The options passed to torch-model-archiver are as follows.

  • --model-name: Set the name of the model to be served as llama3.1-8b.
  • --version: Specifies the version of the model to be served with TorchServe.
  • --handler: Specifies the handler script for the model, set as rbln_vllm_handler.py.
  • --config-file: Specifies the yaml configuration file for the model, set as model_config.yaml.
  • --archive-format: An option to specify the archiving format. Set as no-archive.
  • --export-path: Specifies the directory where the archived model will be stored, set to the model_store folder created earlier.
  • --extra-files: Specifies a list of additional dependency files to include in the archive. Multiple files or directories can be specified, separated by commas (,). The internal folder structure of the specified directories is preserved in the archive.

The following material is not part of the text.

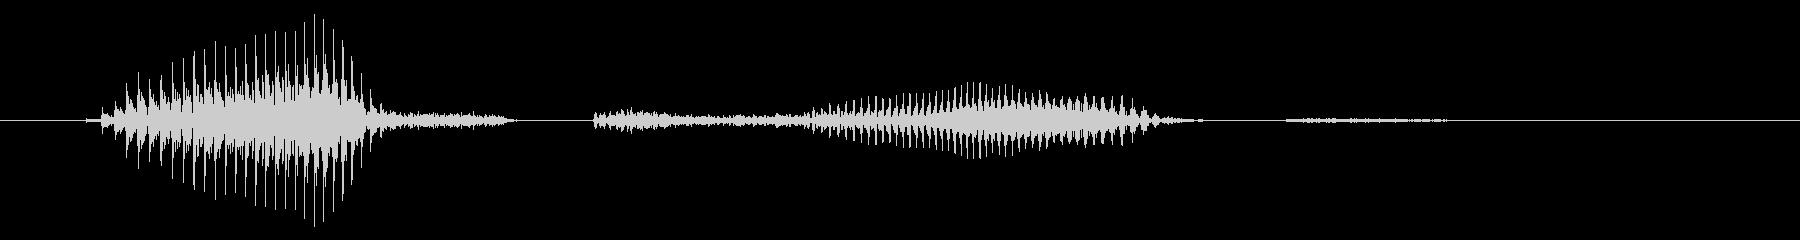 escapeの未再生の波形

Once the archiving process using torch-model-archiver is complete, a folder named llama3.1-8b will be created in model_store, where the model will be served. Since the no-archive option was used, the archive’s internal files will be stored in this folder instead of being packaged into a .mar file.

+--(YOUR_PATH)/
|   +-- model_store/
|   |   +-- llama3.1-8b
|   |   |   +-- MAR-INF
|   |   |   |   +-- MANIFEST.json
|   |   |   +-- Llama-3.1-8B-Instruct
|   |   |   |   +-- prefill.rbln
|   |   |   |   +-- decoder.rbln
|   |   |   |   +-- config.json
|   |   |   |   +-- (else model files)
|   |   |   +-- model_config.yaml

Run torchserve

TorchServe can be started by running the following command. For a simple test where token authentication is not required, you can use the --disable-token-auth option.

$ torchserve --start --ncs --model-store model_store --models llama3.1-8b --disable-token-auth
  • --start: Starts the TorchServe service.
  • --ncs: Disable snapshot feature.
  • --model-store: Specifies the directory containing models.
  • --models: Loads a specific model. Loads all models available in the model_store directory.
  • --disable-token-auth: Disables authentication for management API endpoints, simplifying testing.

When TorchServe is started in success, it operates in the background. The command to stop TorchServe is as follows:

$ torchserve --stop

The Management API of TorchServe receives requests on port 8081 by default.

You can check the list of models currently being served using the following Management API.

$ curl -X GET "http://localhost:8081/models"

If the operation is successful, you can verify that the Llama3.1-8B model is being served.

1
2
3
4
5
6
7
8
{
  "models": [
    {
      "modelName": "llama3.1-8b",
      "modelUrl": "llama3.1-8b"
    }
  ]
}

Inference Request with TorchServe Inference API

Simple Request with curl

Now, we can send an inference request using the Prediction API from the TorchServe Inference API to test the Llama3.1-8B model served with TorchServe.

The Inference API of TorchServe receives requests on port 8080 by default.

Make an inference request using the TorchServe Inference API with curl.

$ curl -sS --header 'Content-Type: application/json' \
  --request POST \
  --data-binary @- http://localhost:8080/predictions/llama3.1-8b/1.0/v1/chat/completions <<EOF | \
  grep -oP '"content":"[^"]*"' | \
  sed 's/"content":"//;s/"$//' | \
  tr -d '\n'; echo
{
  "model": "llama3.1-8b",
  "messages": [
    {
      "role": "system",
      "content": "You are a helpful assistant."
    },
    {
      "role": "user",
      "content": "Hello!"
    }
  ],
  "stream": true
}
EOF

If the inference request is successful, the following similar response is returned.

Hello. It's nice to meet you. Is there something I can help you with or would you like to chat?